Information provided
○ ○ ○ ○
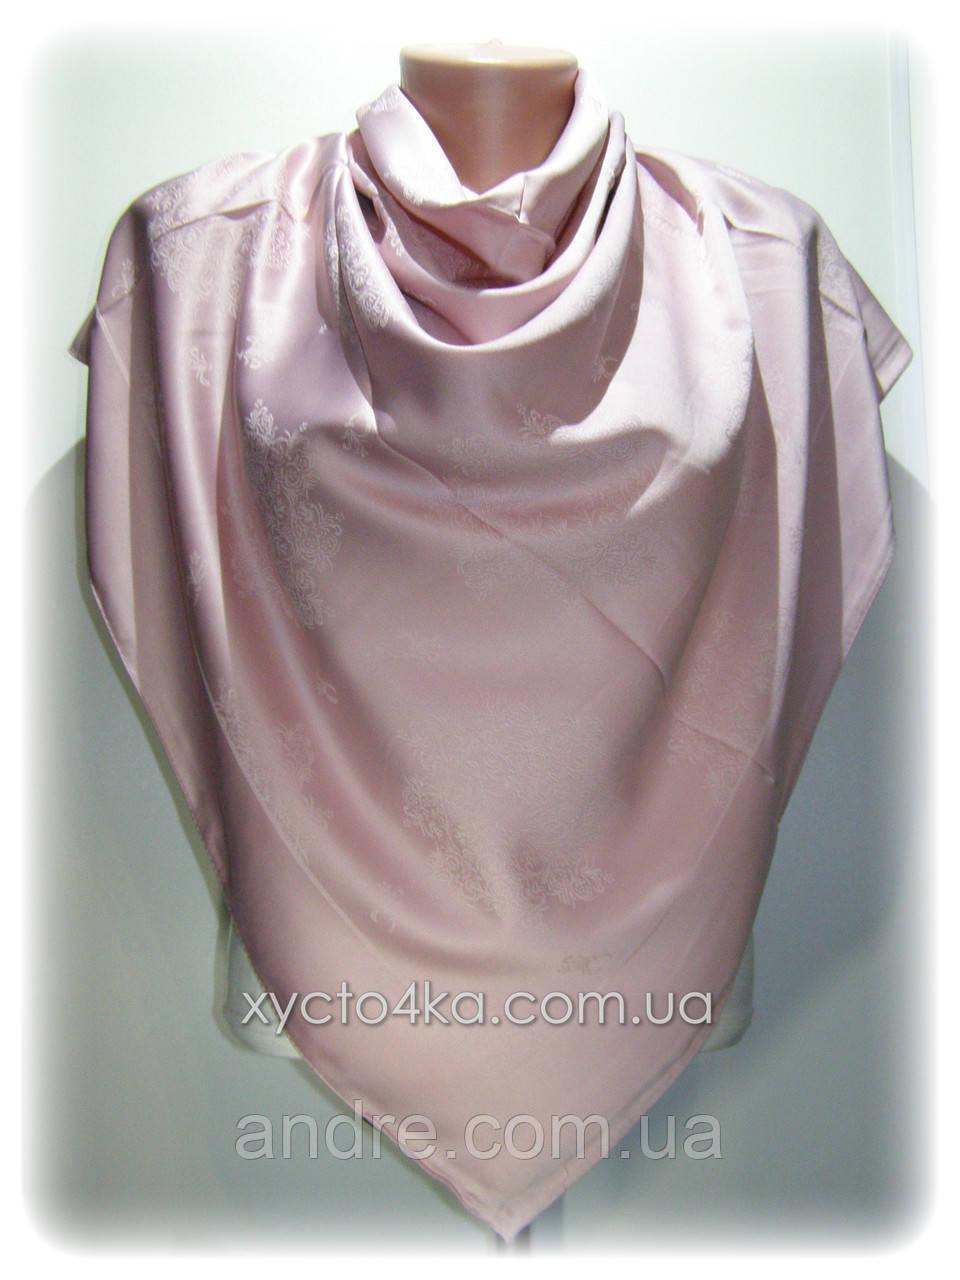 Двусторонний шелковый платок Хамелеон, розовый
○ ○ ○ ○
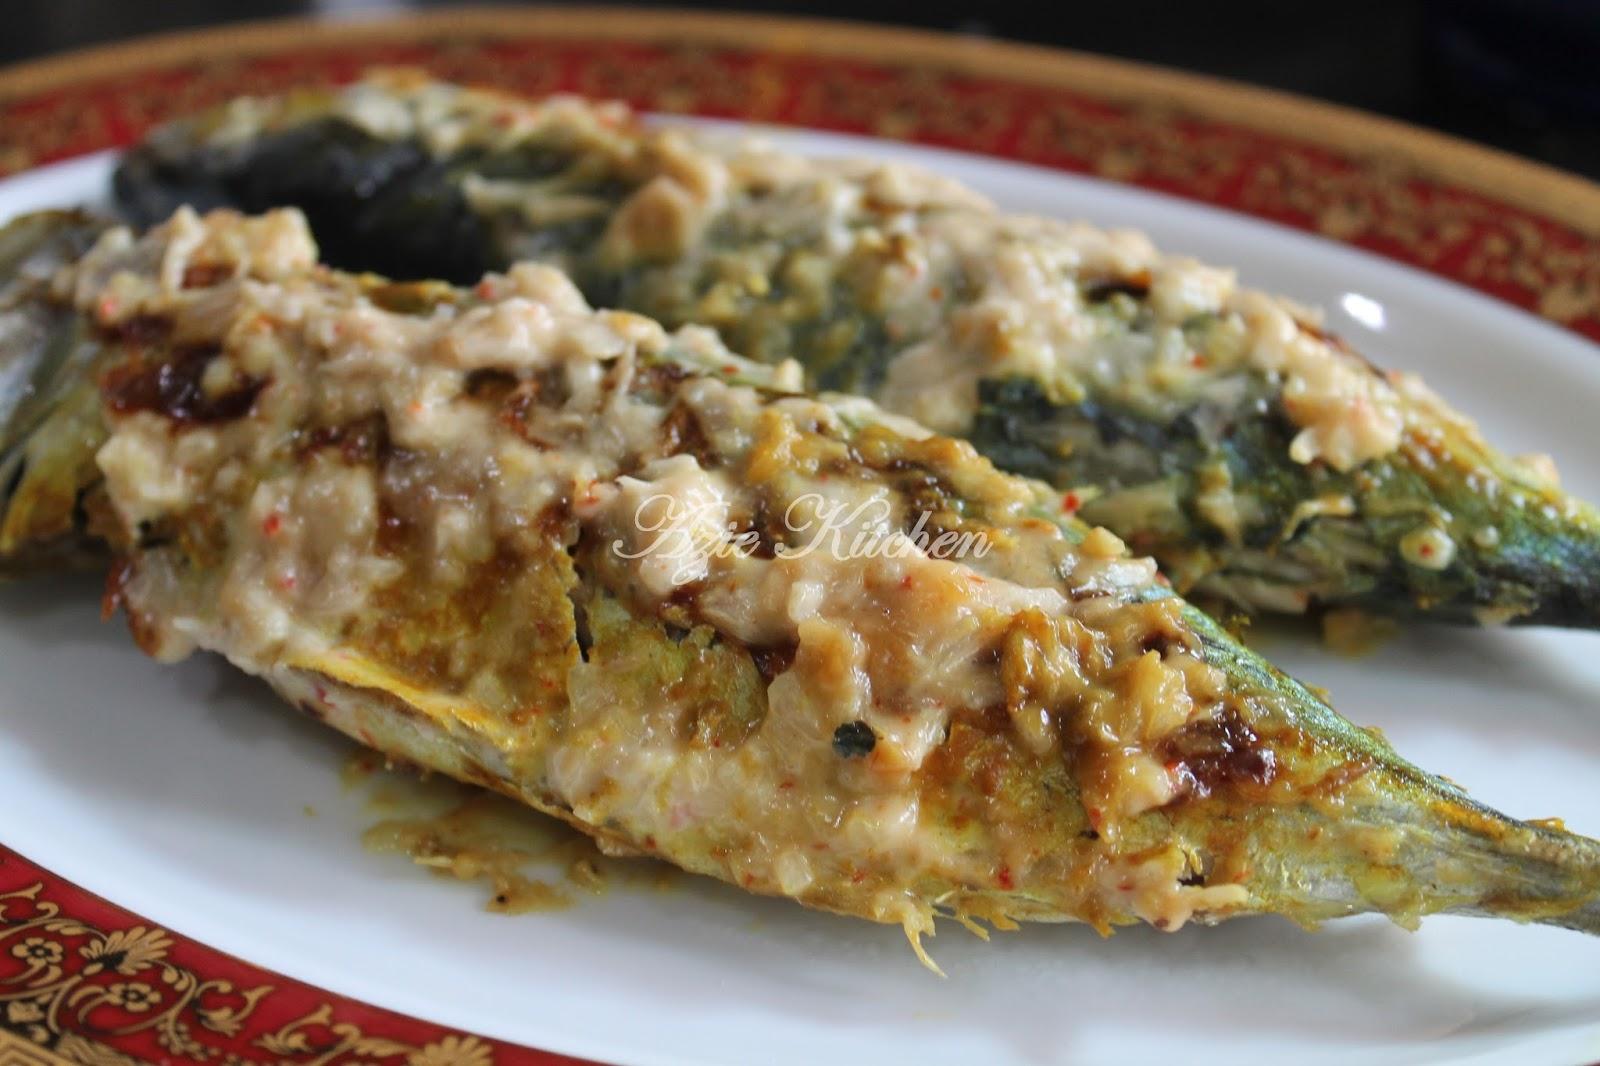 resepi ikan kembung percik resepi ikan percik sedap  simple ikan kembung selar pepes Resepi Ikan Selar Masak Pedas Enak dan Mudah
○ ○ ○ ○
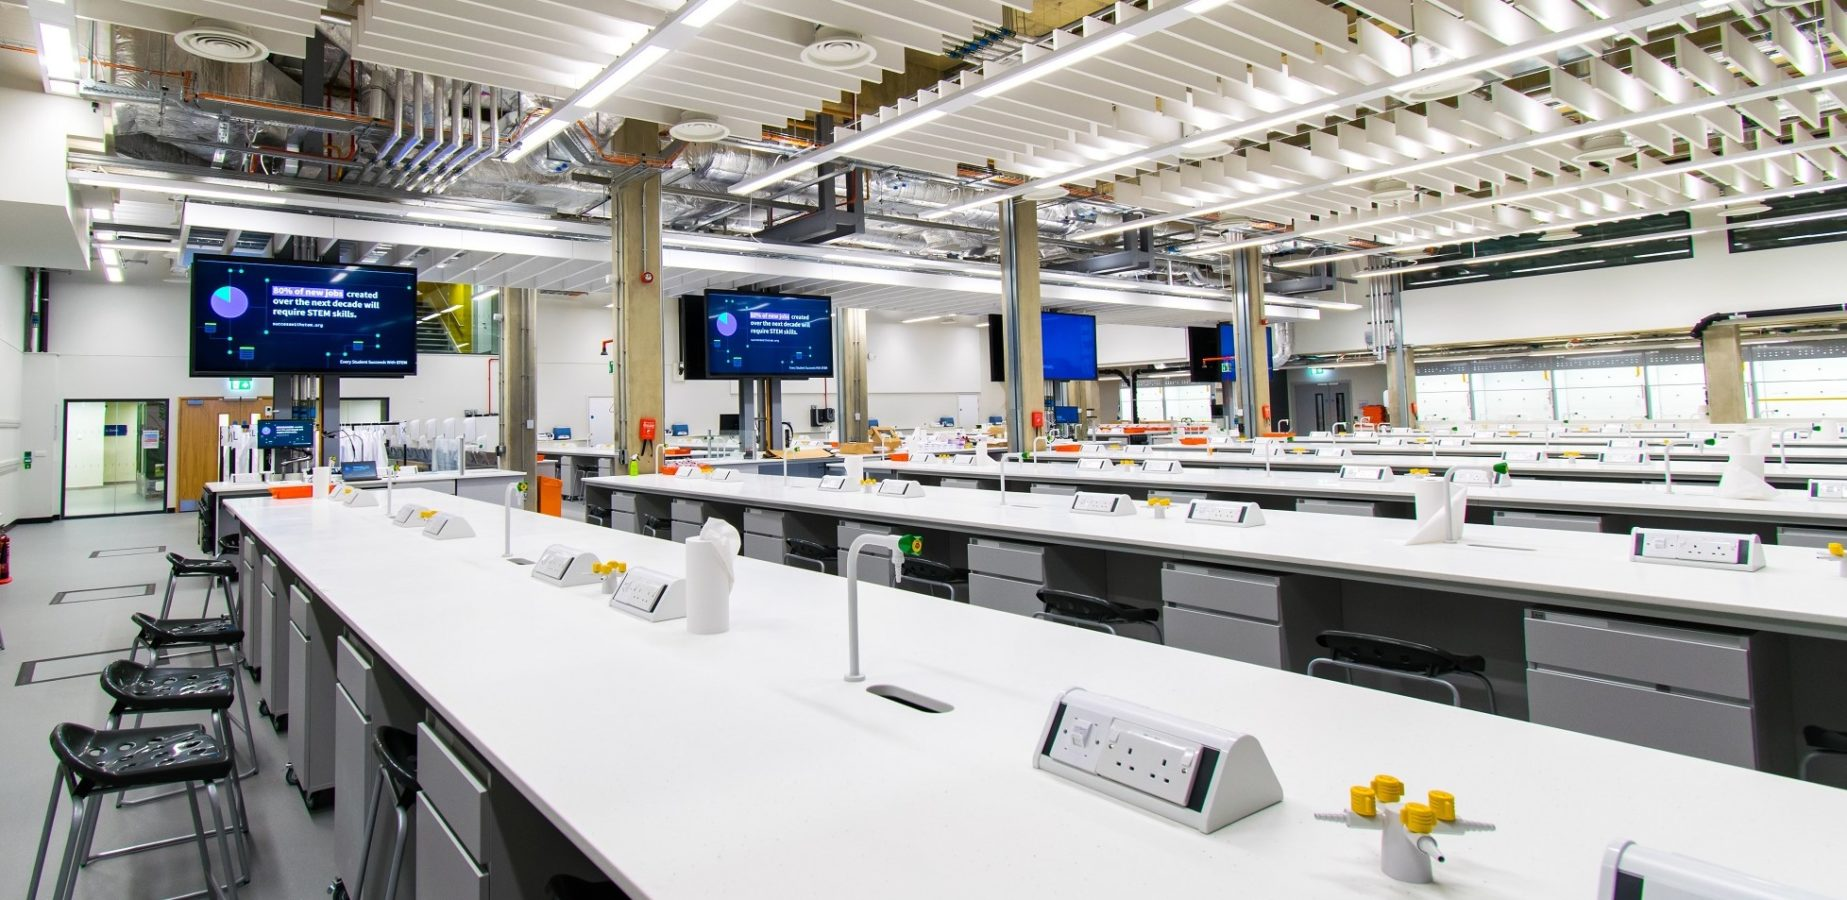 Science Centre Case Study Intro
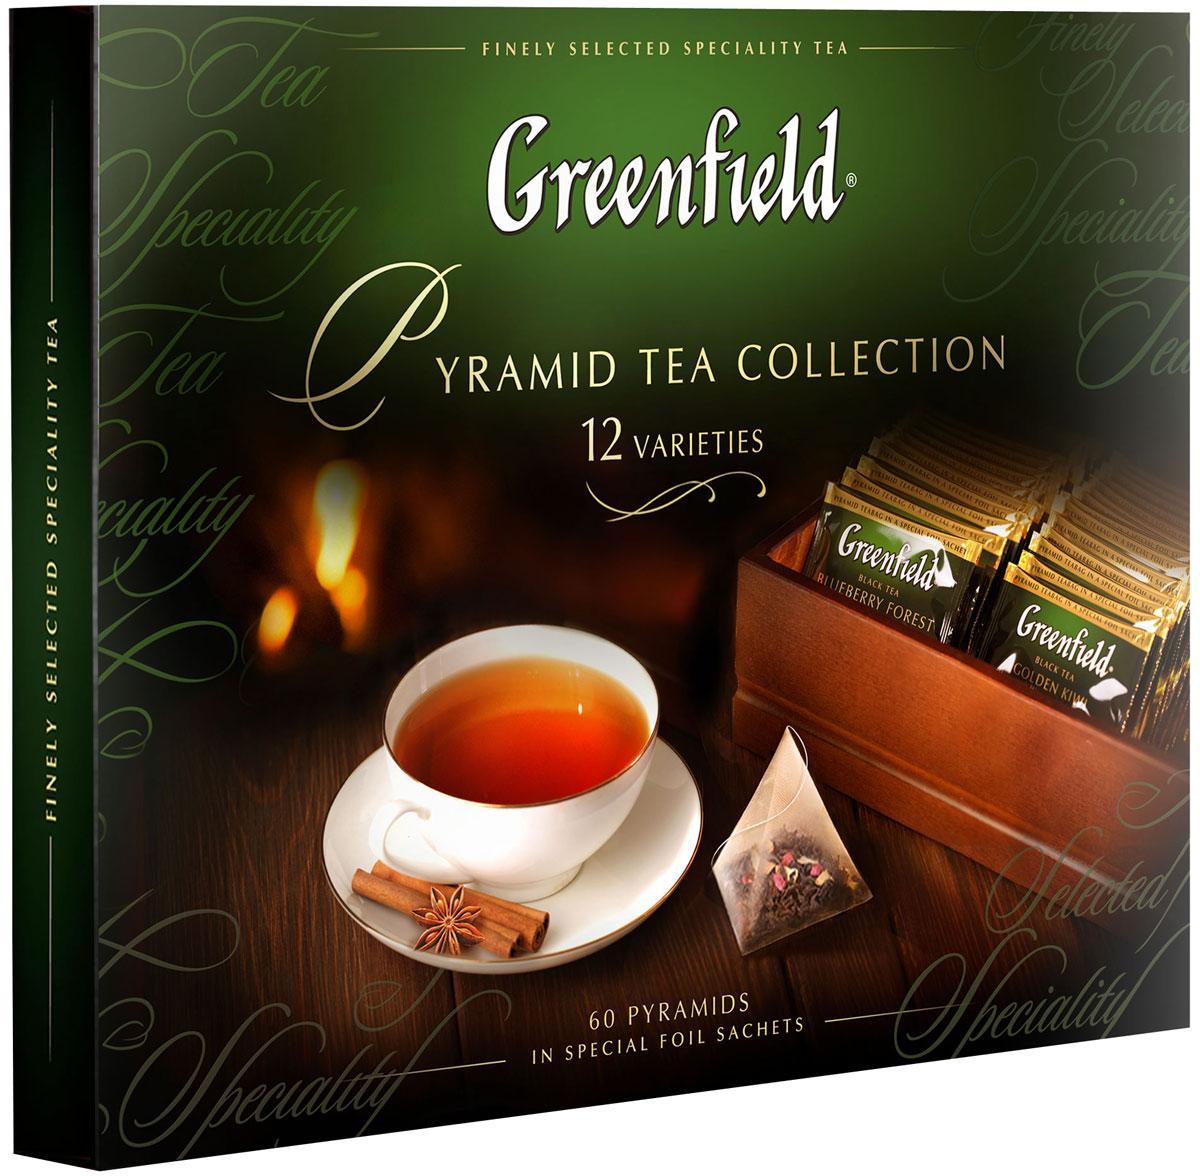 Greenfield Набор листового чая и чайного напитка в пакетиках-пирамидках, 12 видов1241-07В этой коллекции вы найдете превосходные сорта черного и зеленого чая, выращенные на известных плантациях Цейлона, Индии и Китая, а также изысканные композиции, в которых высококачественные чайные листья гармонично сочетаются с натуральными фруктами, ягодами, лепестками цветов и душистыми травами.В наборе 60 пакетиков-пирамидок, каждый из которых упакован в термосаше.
○ ○ ○ ○
Would you write out exactly the lines above, starting at the line containing "Science Centre Case Study Intro" and stopping after the line containing "Greenfield Набор листового"? Omit the pictures.

Result of the task
 Science Centre Case Study Intro
 Greenfield Набор листового чая и чайного напитка в пакетиках-пирамидках, 12 видов1241-07В этой коллекции вы найдете превосходные сорта черного и зеленого чая, выращенные на известных плантациях Цейлона, Индии и Китая, а также изысканные композиции, в которых высококачественные чайные листья гармонично сочетаются с натуральными фруктами, ягодами, лепестками цветов и душистыми травами.В наборе 60 пакетиков-пирамидок, каждый из которых упакован в термосаше.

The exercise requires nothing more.